Sǐ Bù Míng Mù

Sǐ Bù Míng Mù

Some people like to imagine life as a story, and death as a neat end to that story, tying up all the loose ends. They suppose that everything that happens is meant to be, with people existing as mere characters with storylines ordained by some kind of cosmic director.

Real life is rarely so clear as that.

The Cantonese describe an emotion more common among the dying with their phrase sǐ bù míng mù (死不冥目). It refers to the feeling of approaching death with the knowledge that a grievance will never be resolved.

Many people have an intolerance for negativity, attempting through cajoling, coercion, and even outright force to wrest people into a positive frame. Look on the bright side of the situation, we’re told. There’s always a silver lining, they say. Don’t worry, things will get better.

Only the most fortunate can deny, however, that sometimes, things don’t get better. Sometimes, there really isn’t a bright side, because some dark clouds have no glowing margins, and grow ever darker until the moment that they release their lightning, with death and wreckage to follow. Some people achieve moments where justice seems to be achieved, but most of the injustices of life never go away. We learn to live with them, and eventually, to die with them still casting their shadows. Time does not heal all wounds.
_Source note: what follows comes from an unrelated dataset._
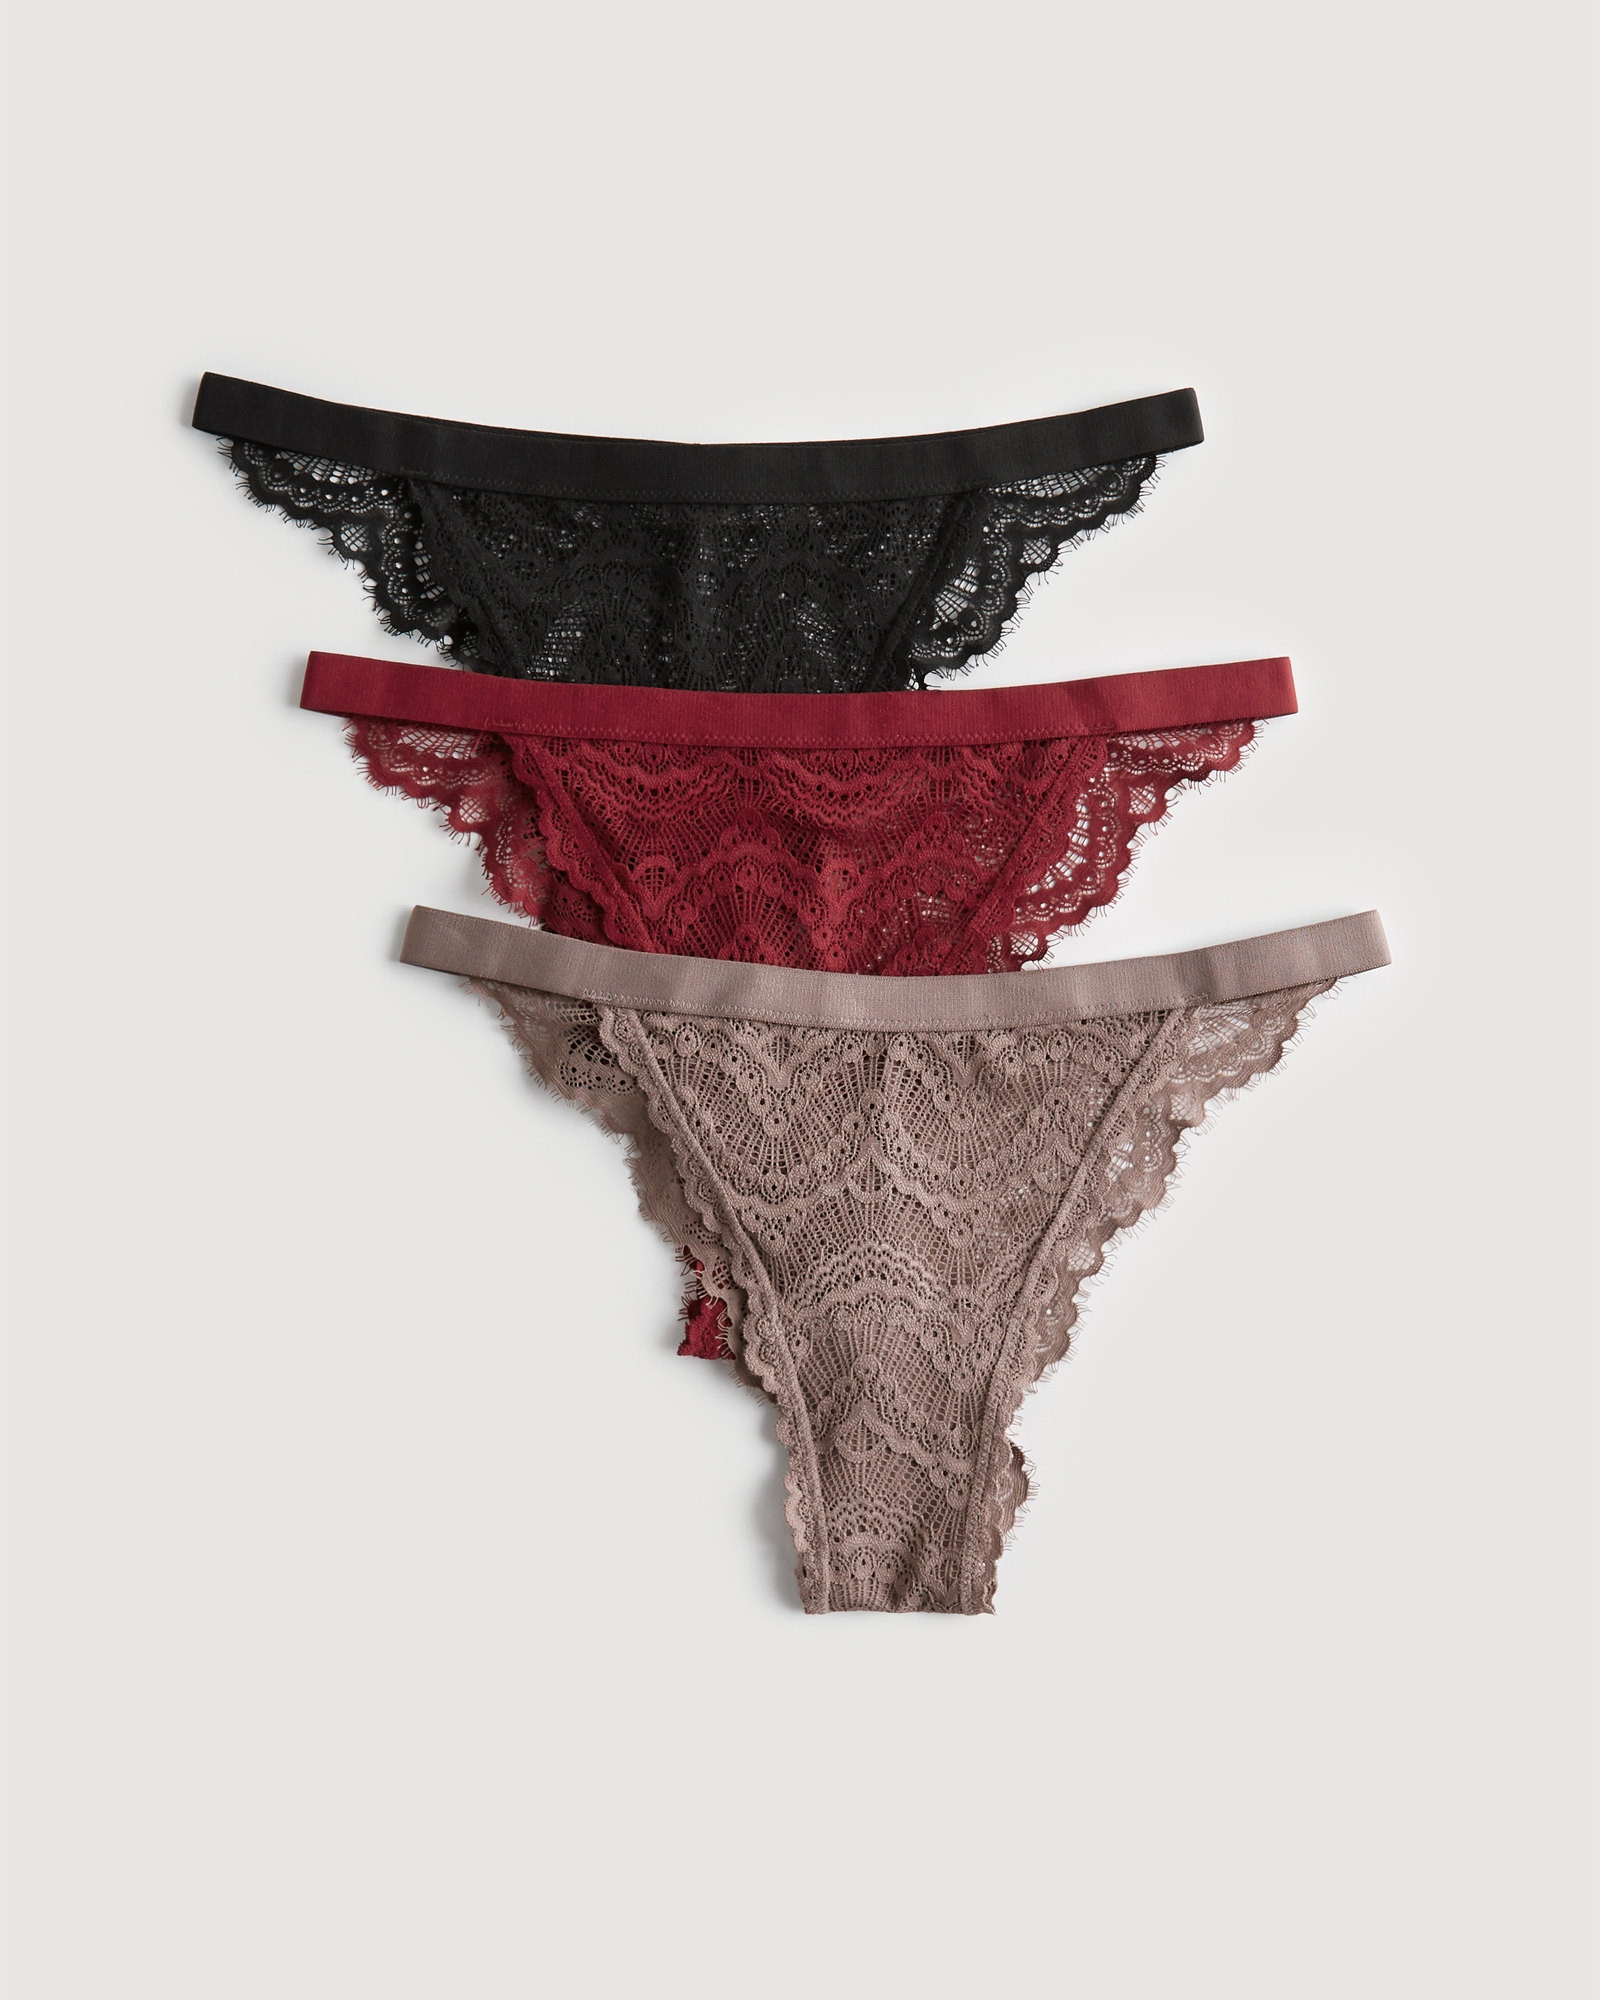 Shop Gilly Hicks Thong Briefs for Women up to 40% Off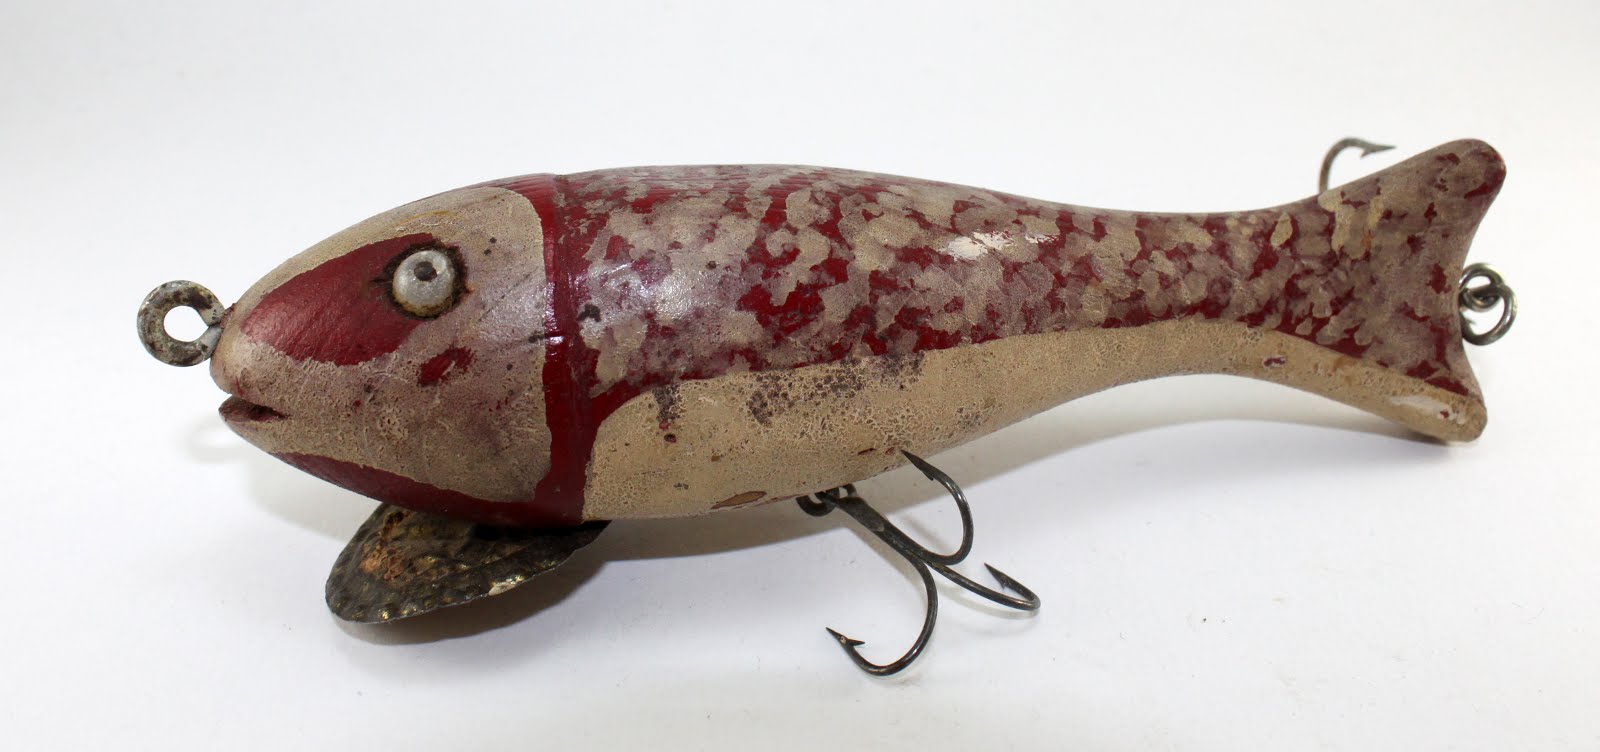 Chance's Folk Art Fishing Lure Research Blog: Intriguing Red and White  musky Minnows

It causes some wounds to fester and spread.

Sǐ bù míng mù may be a Cantonese phrase, but it’s an emotional concept many outside the borders of China can understand. In European medieval culture, there was belief in the existence of revenants. These beings were the dead, returned in some physical or spiritual form to the world of the living because of the emotional power of the unresolved grievances that they died with.

A high degree of emotional granularity provides people with some resilience, enabling them to recognize the specific nature of their feelings as they experience them. Becoming acquainted with a more detailed emotional world isn’t a panacea, though. Knowing your feelings doesn’t prevent bad things from happening, and sometimes, as is the case with sǐ bù míng mù, the most we can get from a particular grain of new emotional understanding is a more focused view of the path through suffering on the way to complete destruction.